Why not use strings for the same effect with more portability

ojblass's picture

for a in *.pdf; do
strings $a | grep Copyleft
done

Because It Doesn't Work

Mitch Frazier's picture

I'm not sure if it never works, but it doesn't always work. PDF files contain compressed data and the characters of a word may not always be right next to each other in the data. If I use strings I can't find things that I could find with pdftotext:

  $ strings datasheet.pdf |grep Charac
  #### nothing found ####

  $ pdftotext datasheet.pdf -| grep Charac
  ... Part 27pF Tech. Characteristics 50V-20% Ceramic Package CASE 0603

Mitch Frazier is an Associate Editor for Linux Journal.

CentOS (Redat) uses "poppler-utils" ...

Joe Mama's picture

........ CentOS (Redat) uses "poppler-utils" ............

Using YUM, this also installs "poppler" and "poppler-utils"
.
.
THANKS FOR THIS NICE TIP!

great tip thanks

turgut's picture

that was very useful, on Fedora I found xpdf , no poppler no xpdf-tools.
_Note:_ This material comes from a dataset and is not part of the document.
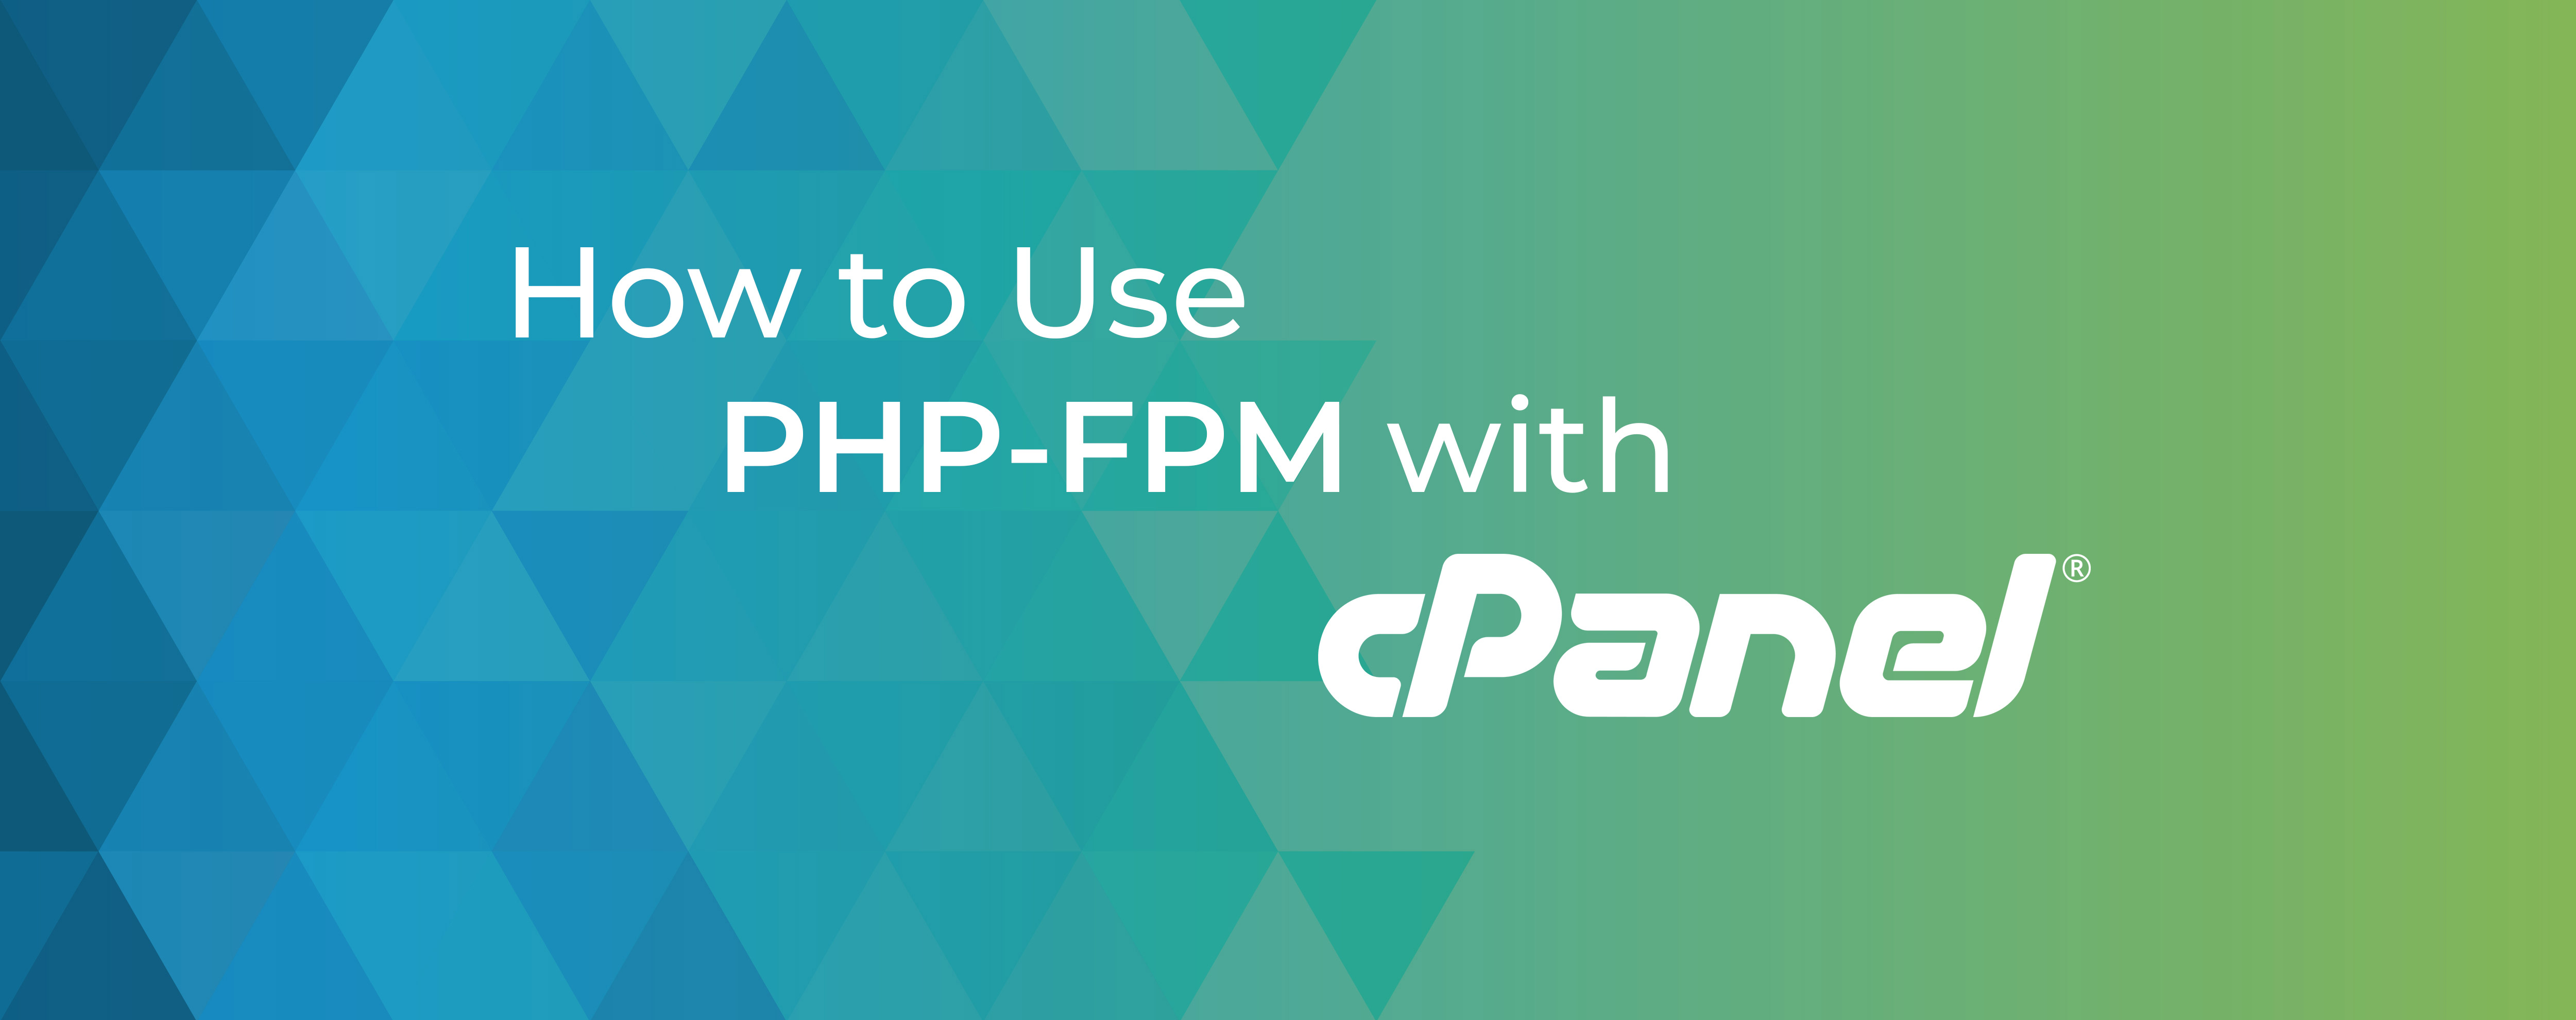 How to Use PHP-FPM with cPanel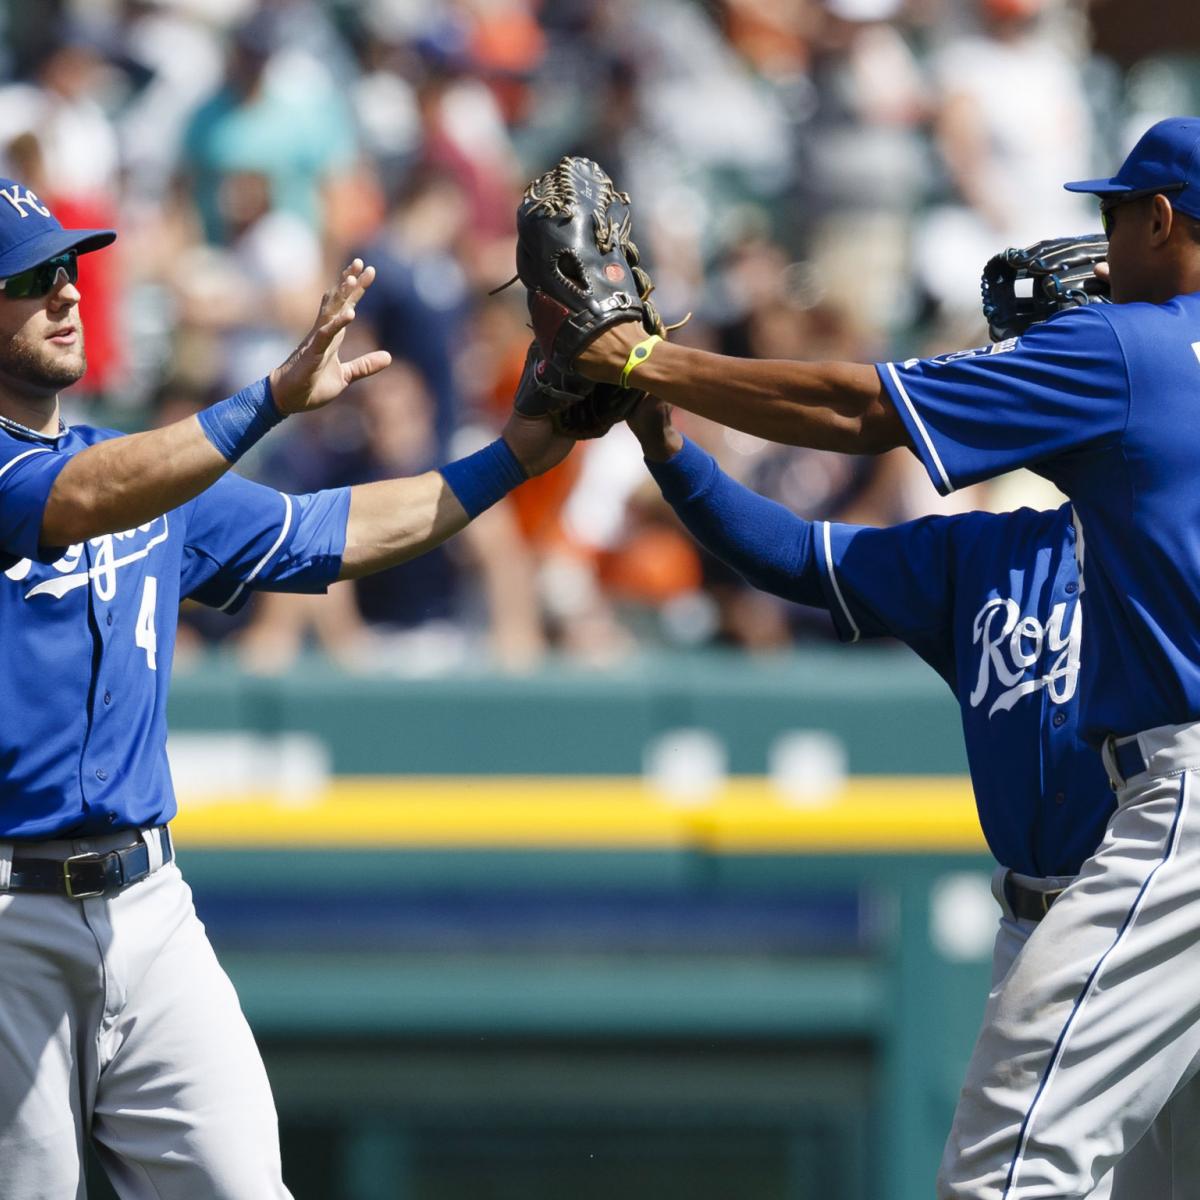 Predicting What the Kansas City Royals Starting Lineup Will Look Like

Oh yes, it has pdftotext in it.. thanks! -t

SuSE PDF Package

Anonymous's picture

When I search rpmfind.net, poppler-tools only provides rendering libraries (which requires poppler, based on the xpdf-3.0 code base). The utilities themselves are not provided in any poppler-tools rpm I can find. On my OpenSuSE 11 system, pdftotext is provided by xpdf-tools.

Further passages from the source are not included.